July 31, 2008

Well, the verdict is in: Cuil has a great publicity team, but operational execution & brand damage control are clearly not strong points. 50 million queries in 48hrs is pretty impressive.

Since they raised $33M in capital, I can see them having a second shot at making Cuil cool.

So unlike the relentless bashing, I’ll go ahead and list 10 improvements that can bring this search engine back into the reckoning.

  1. If you are going to crank up the richness of these search results, you are inevitably going to crank up the complexity. Accept that as a fact and counter it by offering flexible layouts. Different prisms, same result-set, same query.
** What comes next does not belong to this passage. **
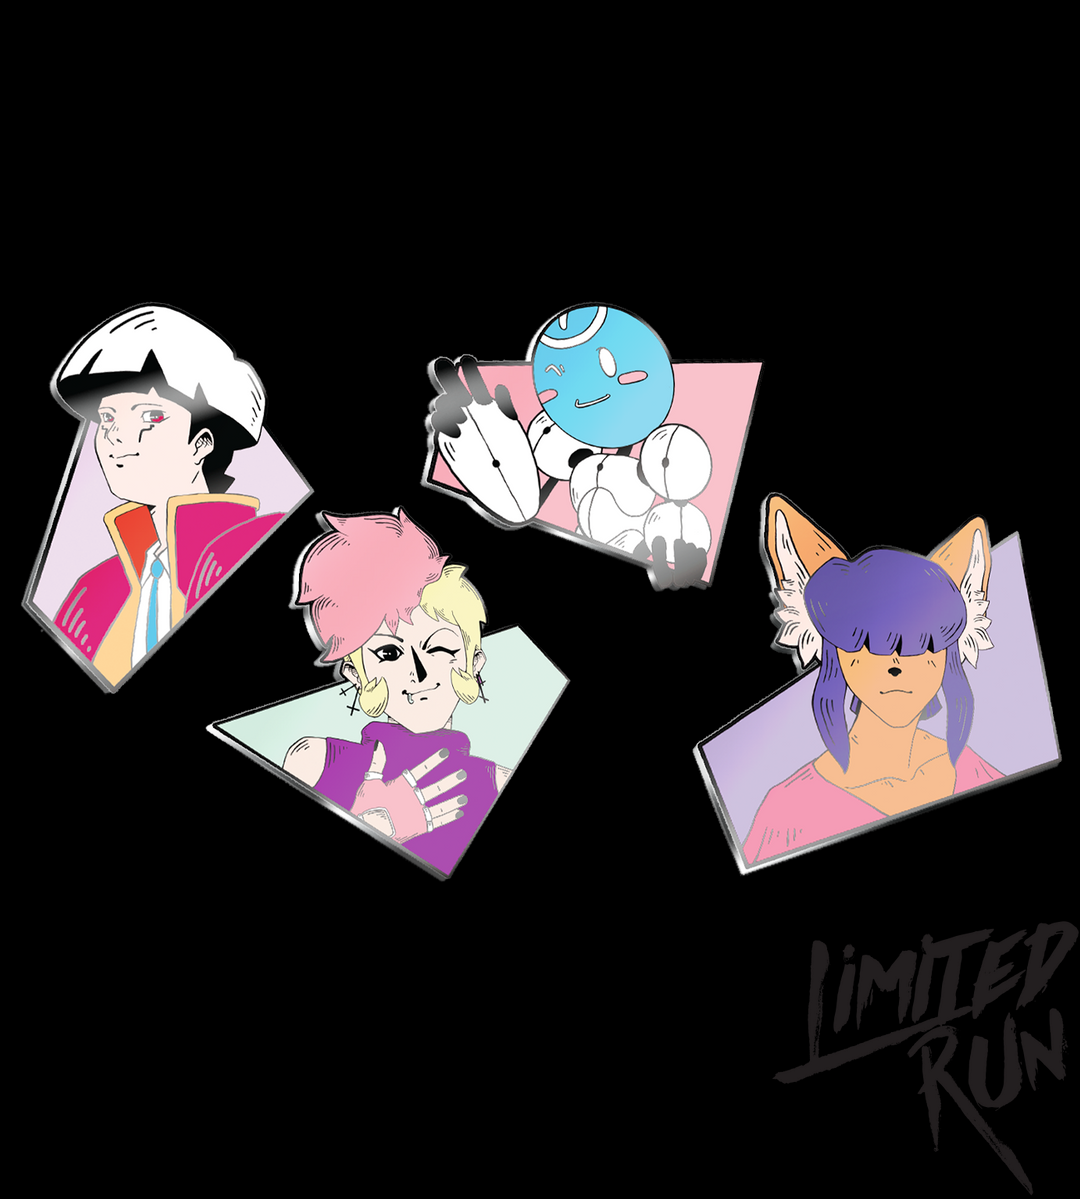 Read Only Memories Pin Pack Limited Run Games

Stuffing the magazine layout down everybody’s throat is not how you differentiate or breed loyalty. 2 columns vs. 3 columns is just not enough.

  2. The image matching is [NSFW] eccentric. People get some weird matches. Try a search for Mars… and for Mars.com it associates the movie DVD cover for Red Planet with it. Fix this temporarily by offering a zero thumbnail layout.

  3. Cuil seems to pride itself on giving people different” results from the big G. I would like Cuil to attempt being the first successful asynchronous search engine. Let users have the option to sign-up, post queries, and forget about them until Cuil is ready with the richest possible dataset. Email back the user when ready. Yes, that changes the search experience significantly - but i don’t think it is too much of a stretch to ask users to put in a multitude of research terms and get back a basket full of super-rich and super-matched search results. Cuil is in a hurry and I don’t know why.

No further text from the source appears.